David A. Robinson, Fiona Seaton, Katrina Sharps, Amy Thomas, Francis Parry Roberts, Martine van der Ploeg, Laurence Jones, Jannes Stolte, Maria Puig de la Bellacasa, Paula Harrison, and Bridget Emmett
Soils provide important functions, which according to the European Commission include: biomass production (e.g., agriculture and forestry); storing, filtering, and transforming nutrients, substances, and water; harboring biodiversity (habitats, species, and genes); forming the physical and cultural environment for humans and their activities; providing raw materials; acting as a carbon pool; and forming an archive of geological and archaeological heritage, all of which support human society and planetary life. The basis of these functions is the soil natural capital, the stocks of soil material.
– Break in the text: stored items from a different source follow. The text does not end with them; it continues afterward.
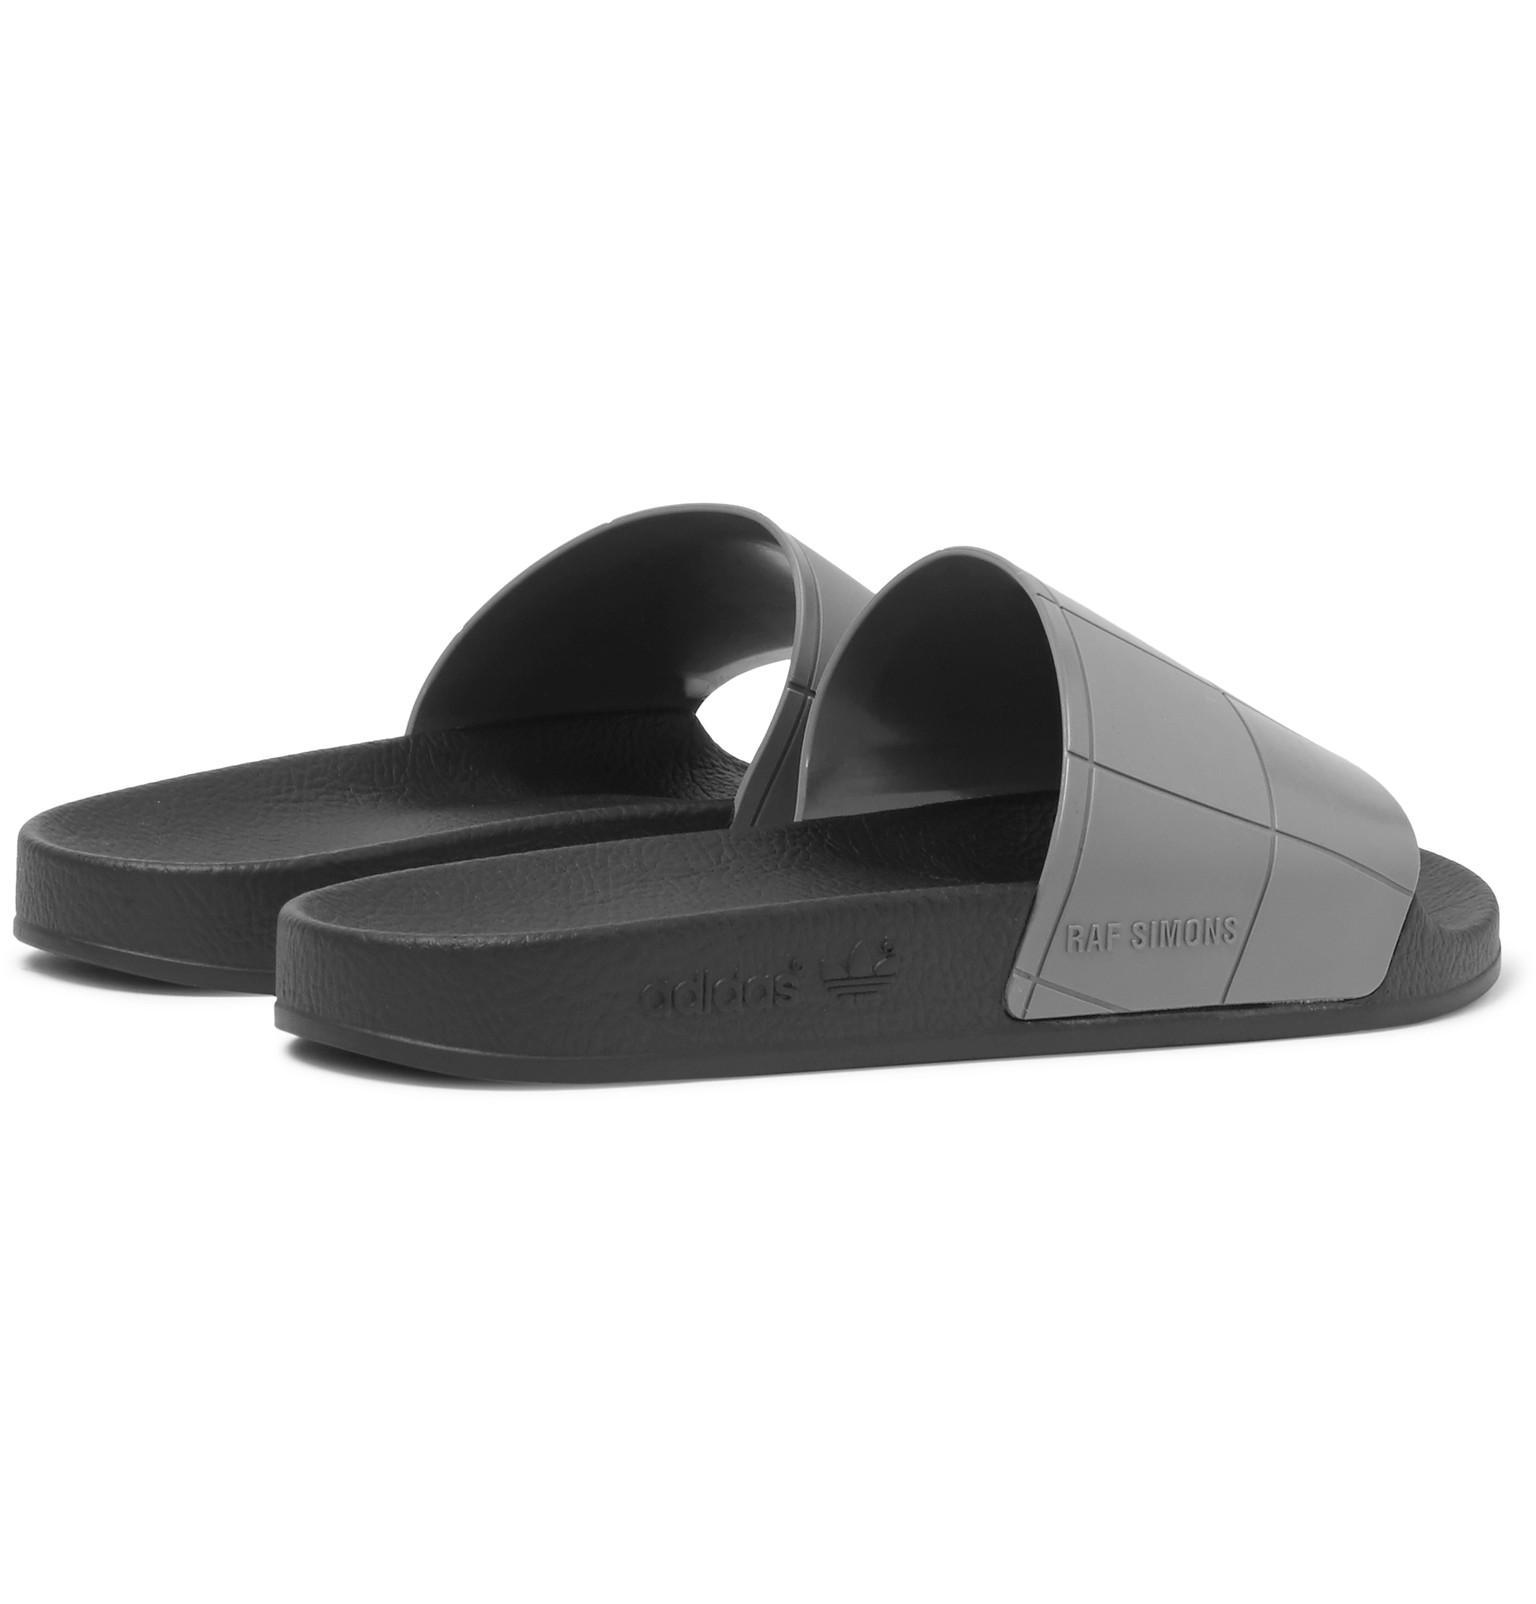 d1c3804a1 Lyst - Raf Simons + Adidas Originals Adilette Rubber Slides in Gray ...
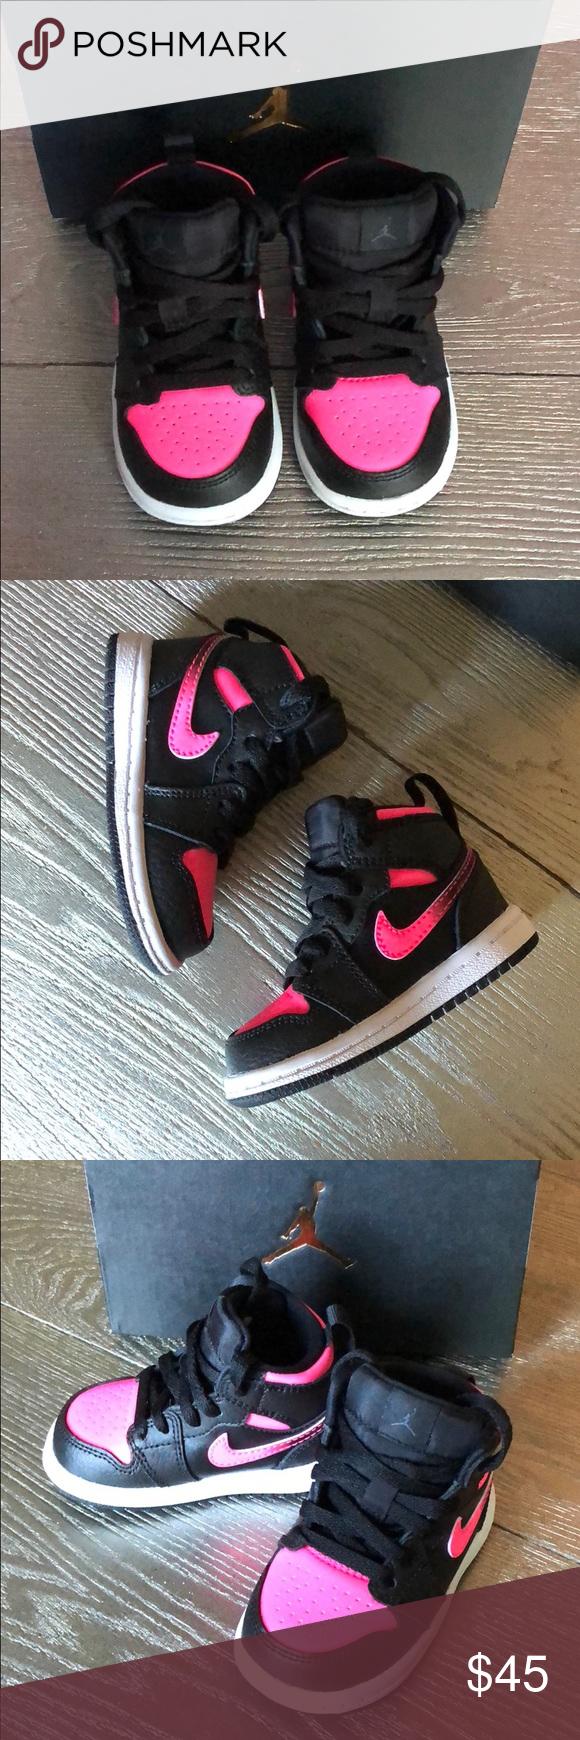 Baby Girl Jordan 1 Retro High Top 4c Black/Pink Black and
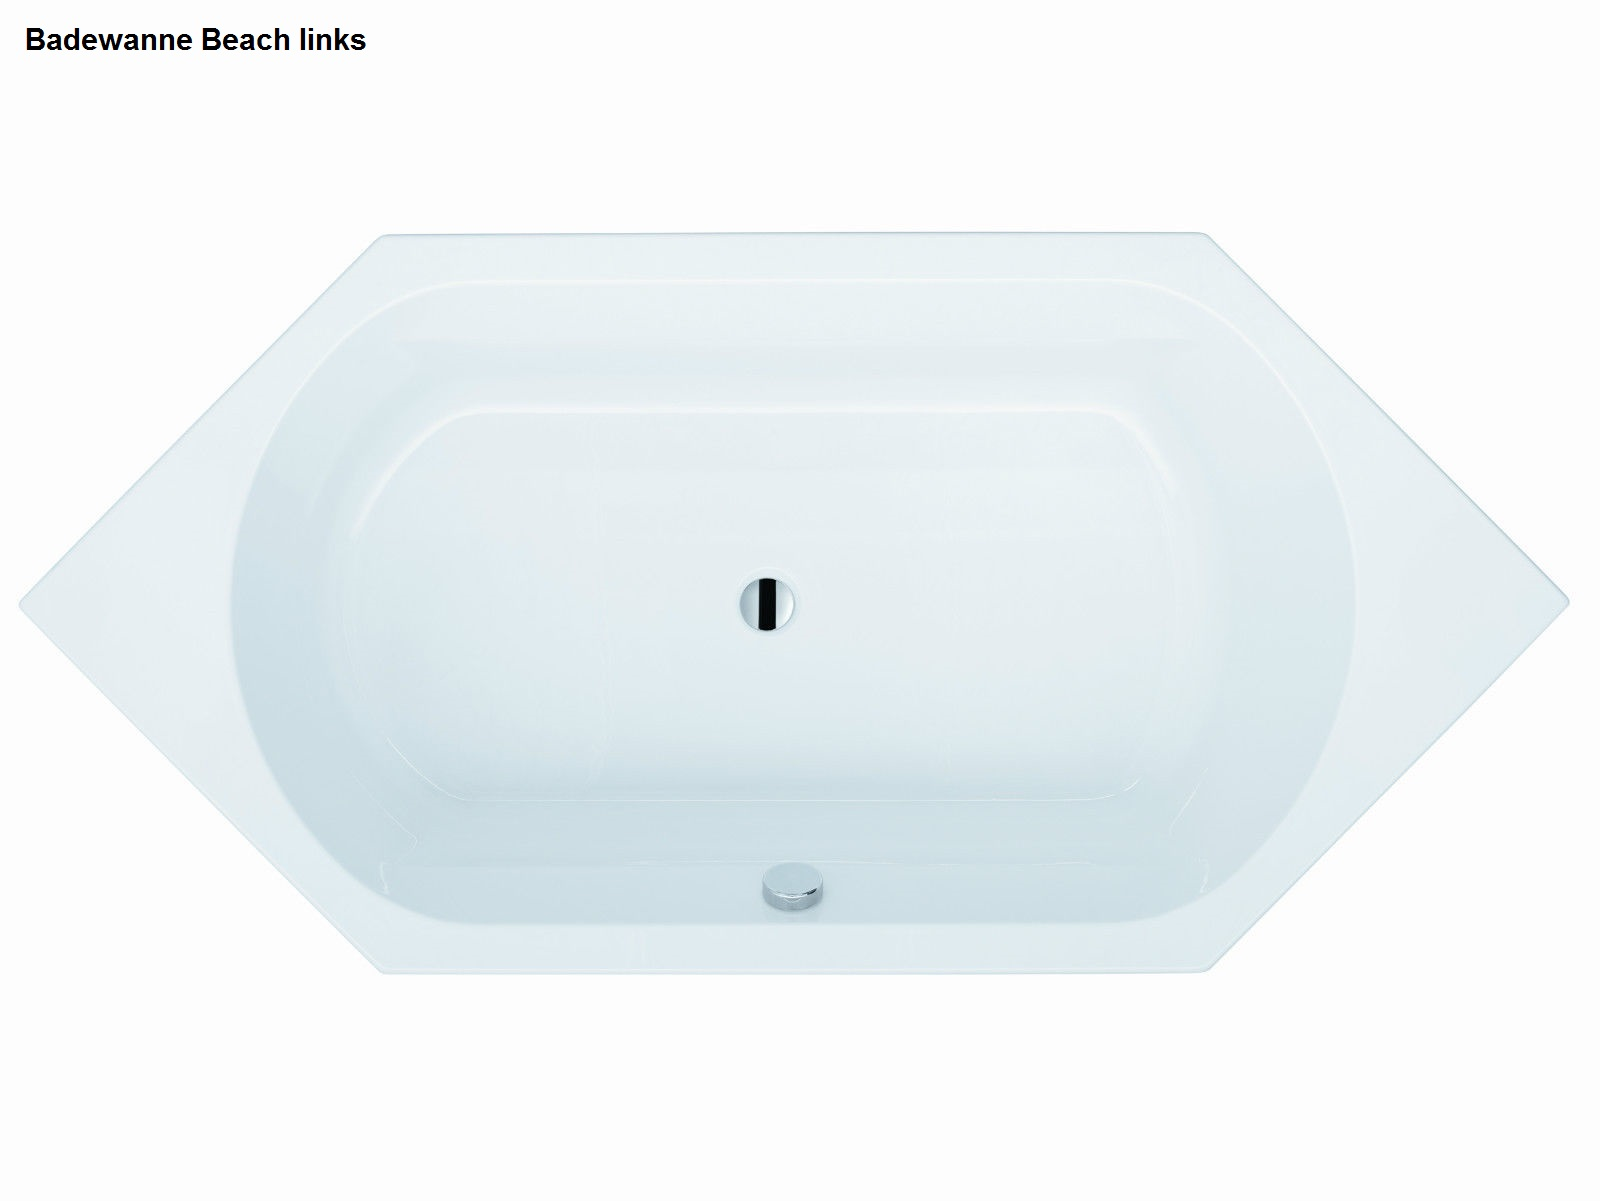 badewanne beach 6 eck 190 x 90 x 45 rechts o links aus deutscher fertigung ebay. Black Bedroom Furniture Sets. Home Design Ideas
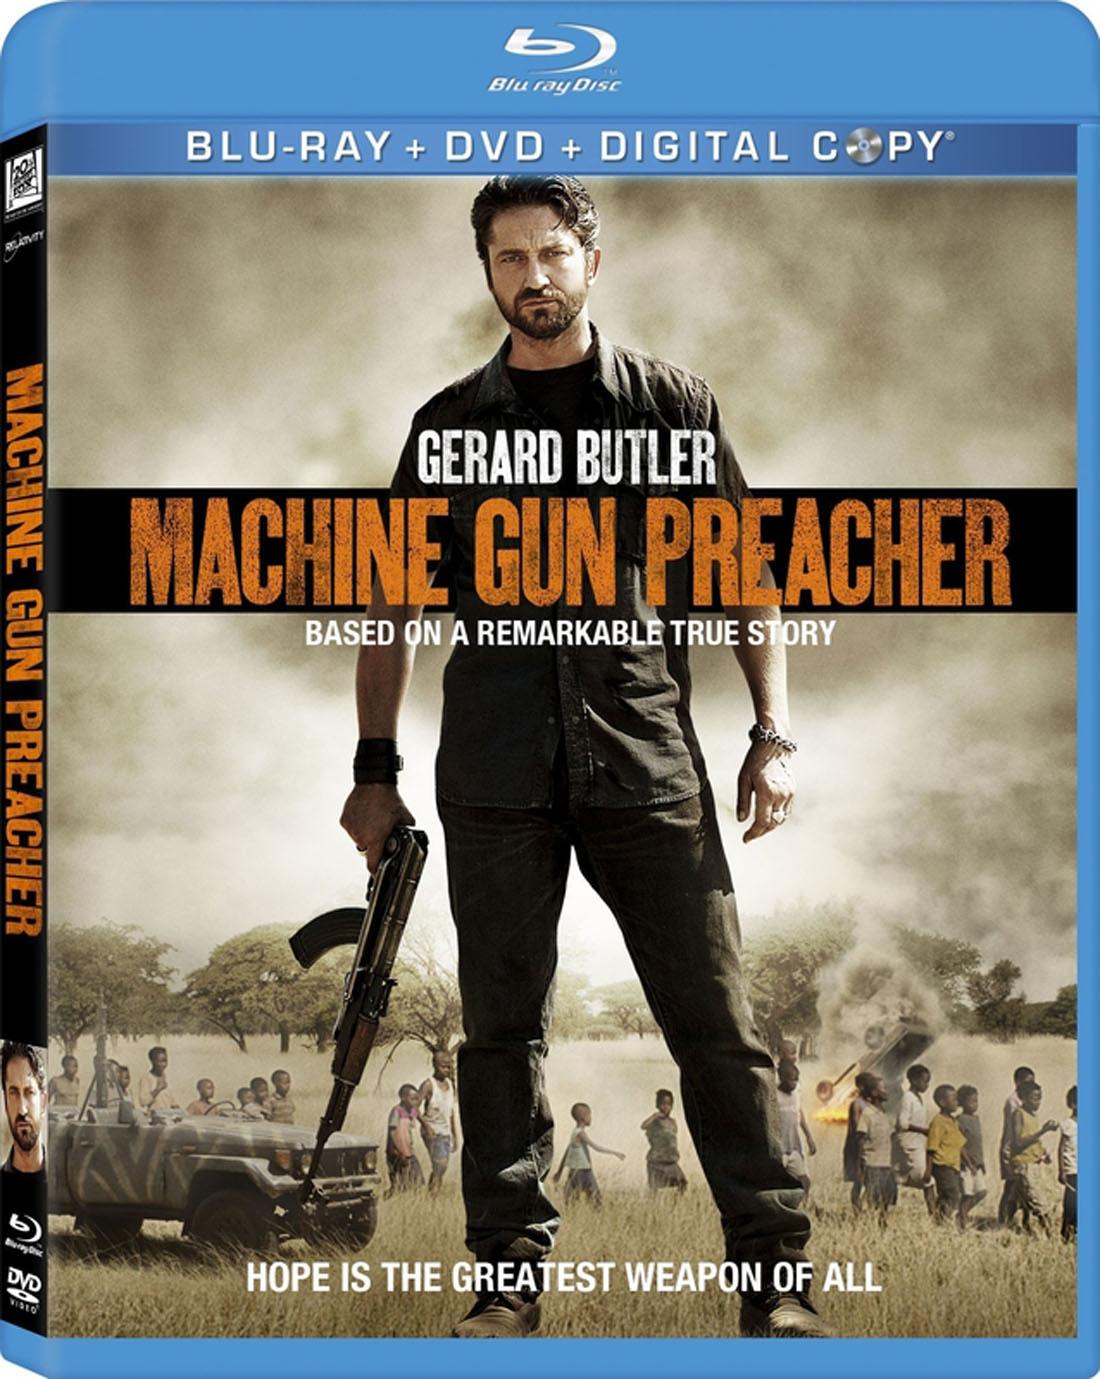 Machine Gun Preacher Blu-ray DVD Case Box
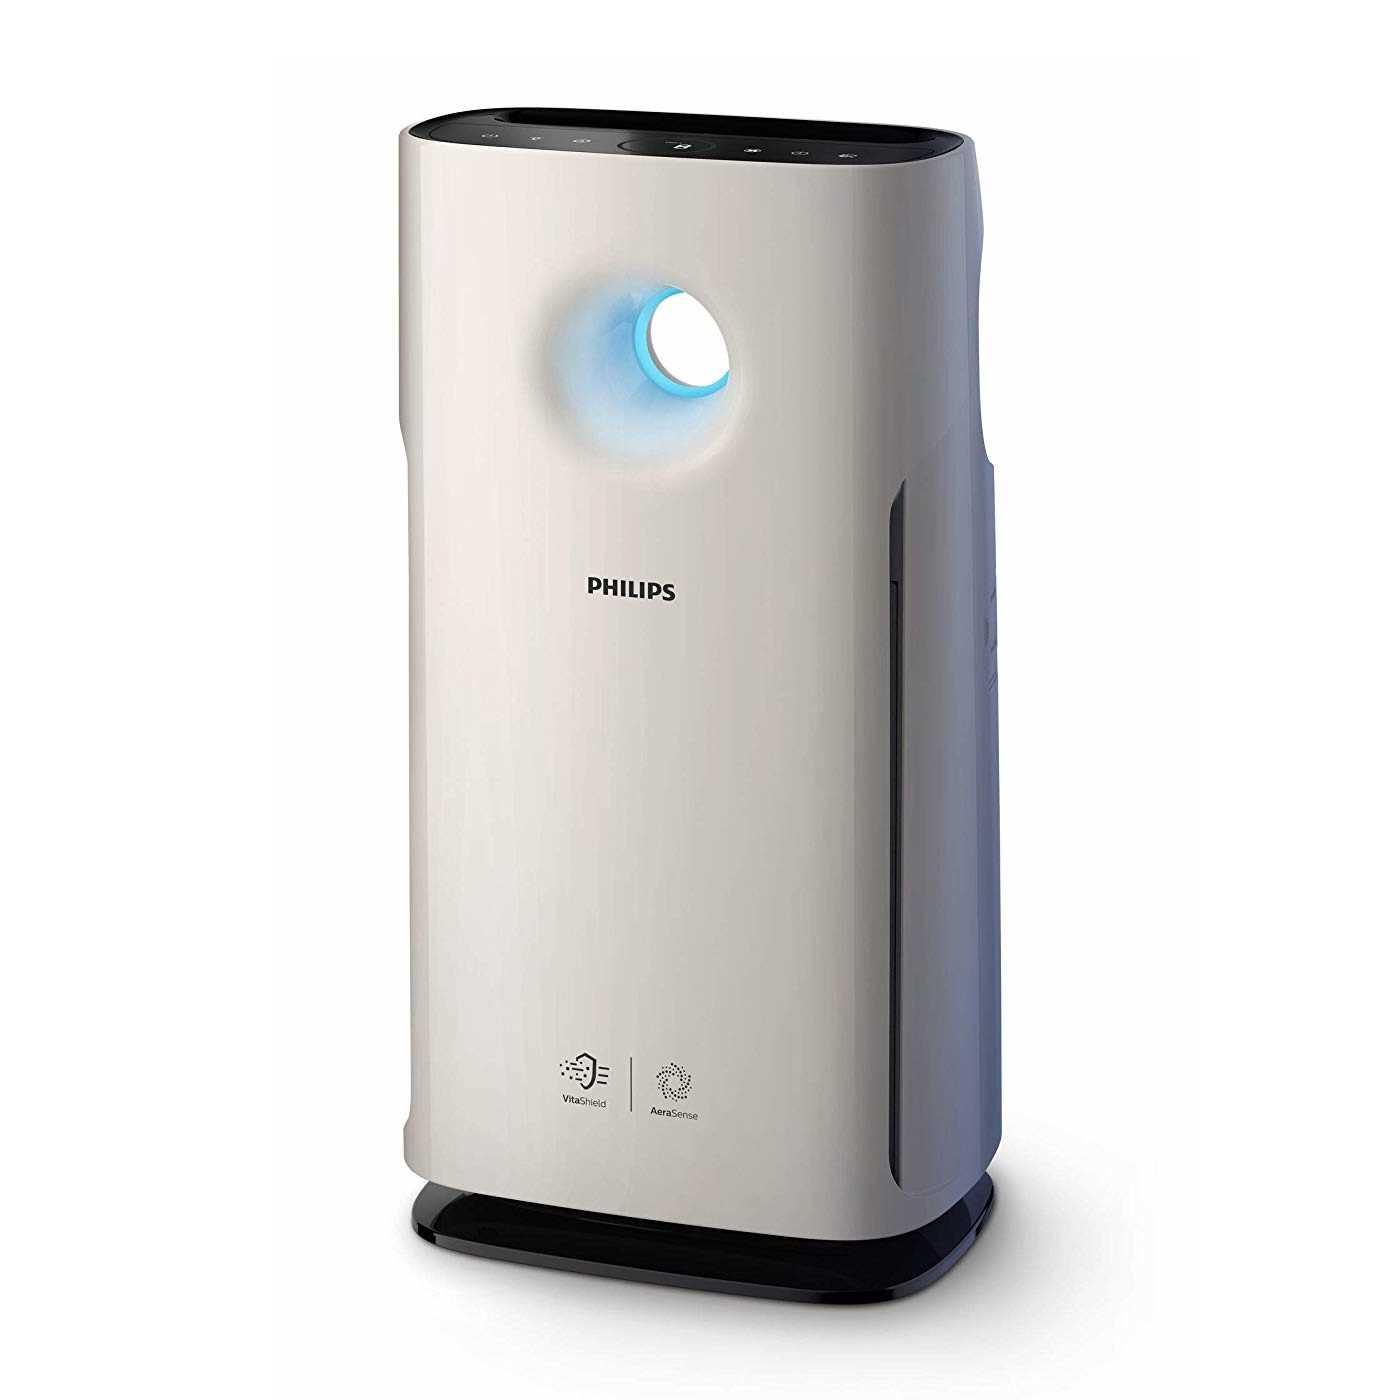 Philips AC3257 Room Air Purifier

Soil functions feed into a range of ecosystem services which in turn contribute to the United Nations sustainable development goals (SDGs). This overarching framework hides a range of complex, often nonlinear, biophysical interactions with feedbacks and perhaps yet to be discovered tipping points. Moreover, interwoven with this biophysical complexity are the interactions with human society and the socioeconomic system which often drives our attitudes toward, and the management and exploitation of, our environment. Challenges abound, both social and environmental, in terms of how to feed an increasingly populous and material world, while maintaining some semblance of thriving ecosystems to pass on to future generations. How do we best steward the resources we have, keep them from degradation, and restore them where necessary as soils underpin life? How do we measure and quantify the soil resources we have, how are they changing in time and space, what can we predict about their future use and function? What is the value of soil resources, and how should we express it? This article explores how soil properties and processes underpin ecosystem services, how to measure and model them, and how to identify the wider benefits they provide to society. Furthermore, it considers value frameworks, including caring for our resources.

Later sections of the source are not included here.